Folio, who previously worked for DHHR, brought ongoing issues at Sharpe to former DHHR Secretary Bill Crouch, who retired at the end of 2022 after coming under fire for issues with the intellectually and developmentally disabled (IDD) community, alleged abuse and neglect issues at the state’s psychiatric hospitals and pervasive child welfare problems.

Folio said he now meets weekly with DHHR employees to discuss the treatment of patients with disabilities. Multiple offers to meet with Caruso have been ignored, though, he said.

Patient overcrowding outlined in inspection

Summers and Del. Adam Burkhammer, R-Lewis, who attended the tour, noted that the Sharpe visit, while overwhelmingly positive, was a reminder of issues that need to be addressed through legislation.

“At the conclusion of the discussion, legislators pledged to work cooperatively with [the Office of Health Facilities] to address its needs in the upcoming legislative session,” Holstein said in an email.

Legislation could include allocating funding to replace an outdated electronic health system and address overcrowding through a new hospital wing with one-person rooms, Summers explained.

The June inspection report showed that while the hospital was supposed to have two patients in each room, the facility’s “bed crisis” led investigators to find a dozen rooms holding three patients. In another part of the facility, a windowless visitation room was being used as a bedroom for a patient.

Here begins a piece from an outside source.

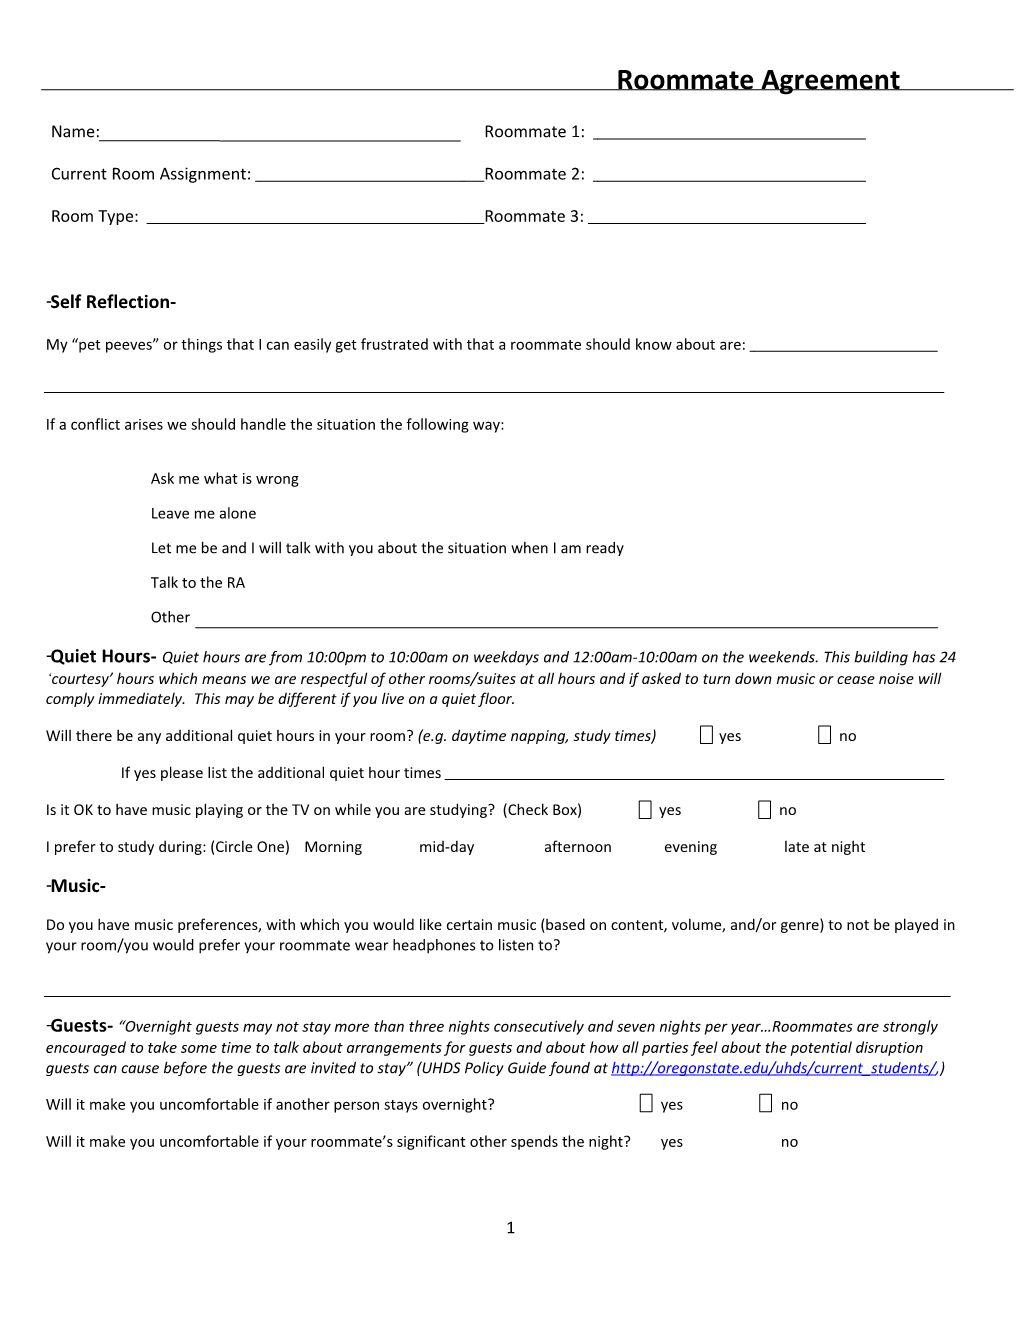 Online Hall Roommate Agreement Revised Suites 8-30-10

“We are paying attention, and we are concerned,” Summers said.

She added that the Legislature must address the “high number of injuries” occuring on-site.

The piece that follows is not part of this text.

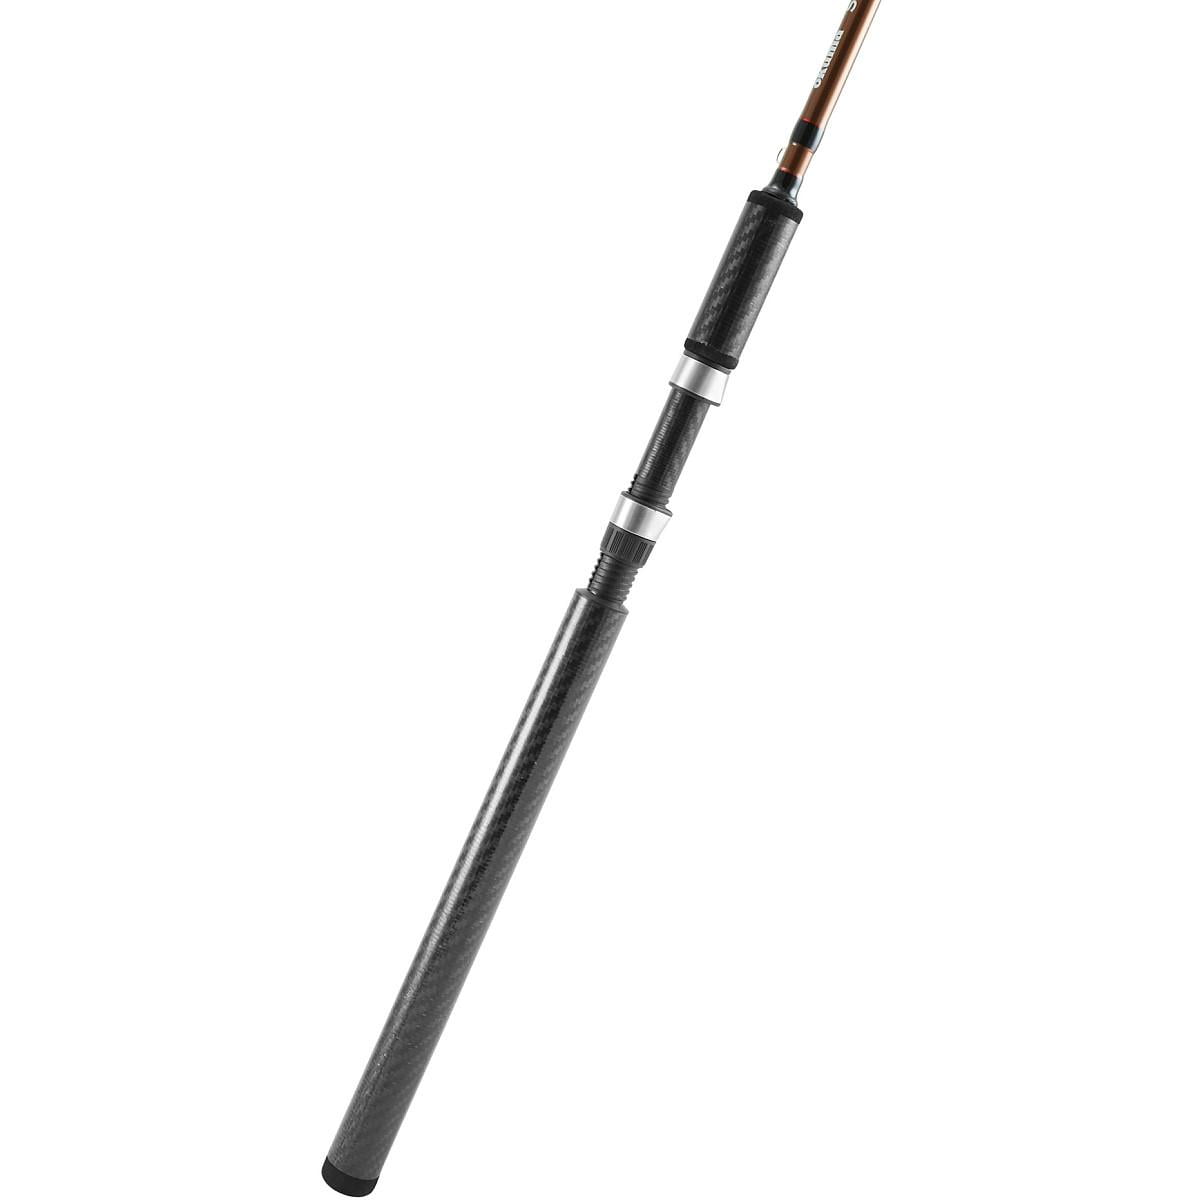 Okuma SST Spinning Rod with Carbon Fiber Grips

“70% of those [injuries] are patient on patient,” she said. “It’s concerning.”

Burkhammer represents the area where Sharpe is located. He said he has received numerous calls in the last few years about safety and injuries at the psychiatric hospital.

“I want to make sure we’re doing everything in our power possible as the state Legislature [to make sure] that our state employees are safe on the job,” he said.

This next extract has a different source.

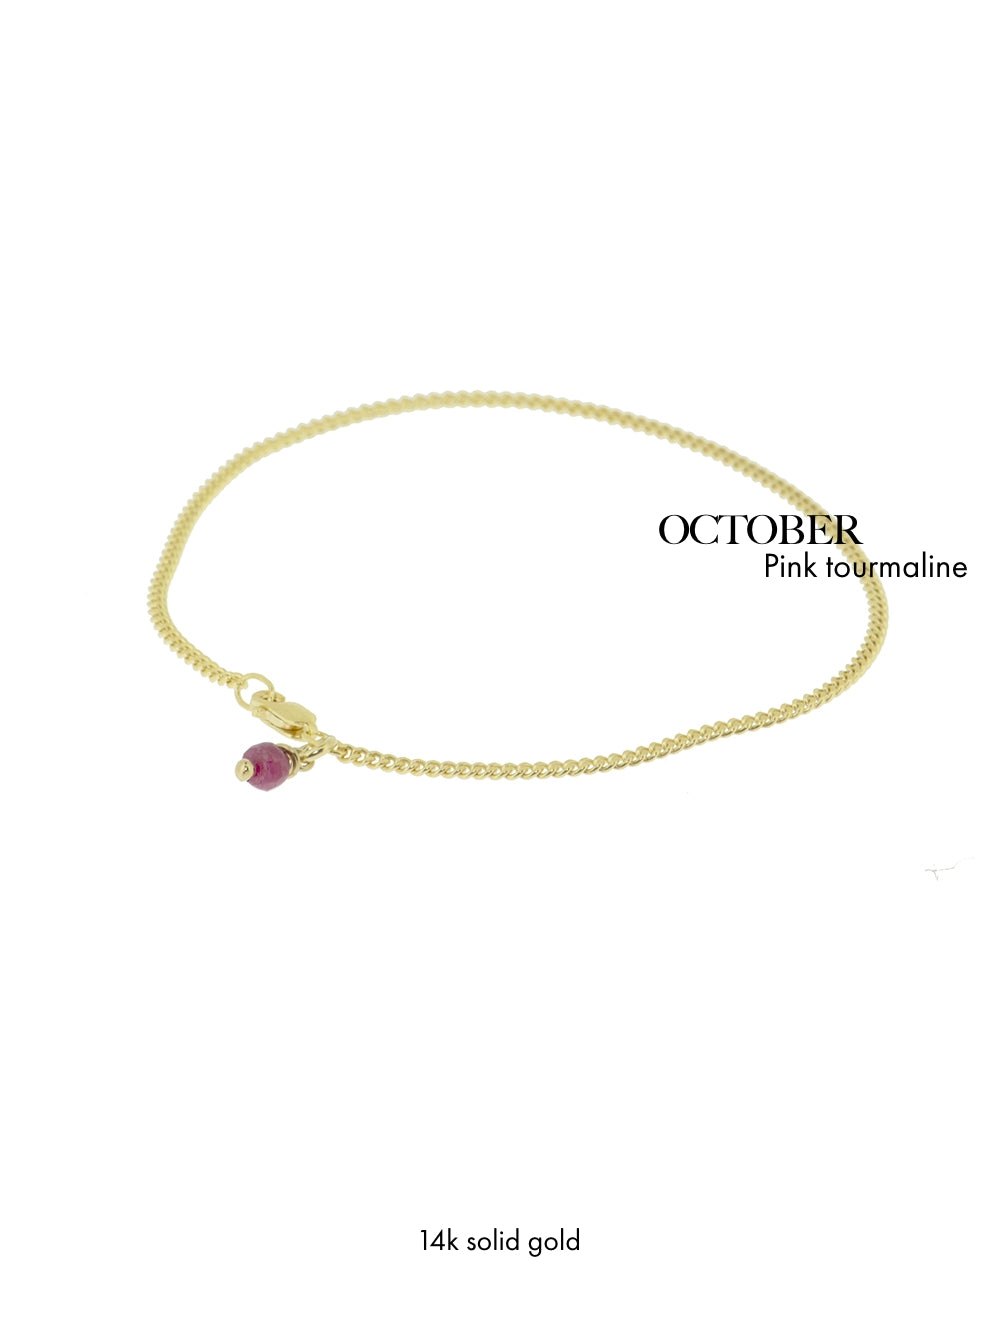 Birthstone October - Pink Tourmaline | 14K Solid Gold

Sharpe has implemented an electronic incident reporting and employee complaint system resulting in “more efficient and thorough accounting and response to incidents and complaints,” according to Holstein with DHHR.

Long-standing staffing shortages continue, as well — now amid a national health care worker shortage. Nearly a decade ago, a Kanawha County judge intervened to force DHHR to deal with employee shortage at Sharpe.

“DHHR’s Office of Health Facilities has been working diligently to improve the salaries of employees at Sharpe, specifically direct patient care staff,” Holstein said, adding that they’ve implanted hiring rates, sign-on niceties and more.

Burkhammer said contract health care employees, who are filling in the gaps, are currently being paid more than hospital personnel — some who have worked there for years. It’s causing division among staff and budgeting issues, he said.

“I think we really have to focus on salaries,” he said. “I think we have dropped the ball on that for years. And, with the current cost of living and inflation, the fact that employees at Sharpe are eligible for state assistance … I think that’s unacceptable.”

DHHR announced Sept. 6 it was looking to hire a financial advisory firm to review its long-term care facilities and psychiatric facilities, including Sharpe, to identify needed improvements.

“We are very proud of the quality of services we provide, and this [request for proposal] supports our efforts to continue to improve outcomes, enhance services and evaluate opportunities for the patients and residents at these facilities,” Caruso said in a news release.

DHHR is currently under a federal investigation for its treatment of people with disabilities.

Folio said he continues to make reports to OHFLAC, the state group that inspects the facilities, about deficiencies at Sharpe, some of which he said violated state code.

“We are giving the Legislature and DHHR this next session, then we’re filing suit,” Folio said. “We’re willing to work with them and help them, but all they want to do is talk and camouflage the reality of what’s occurring.”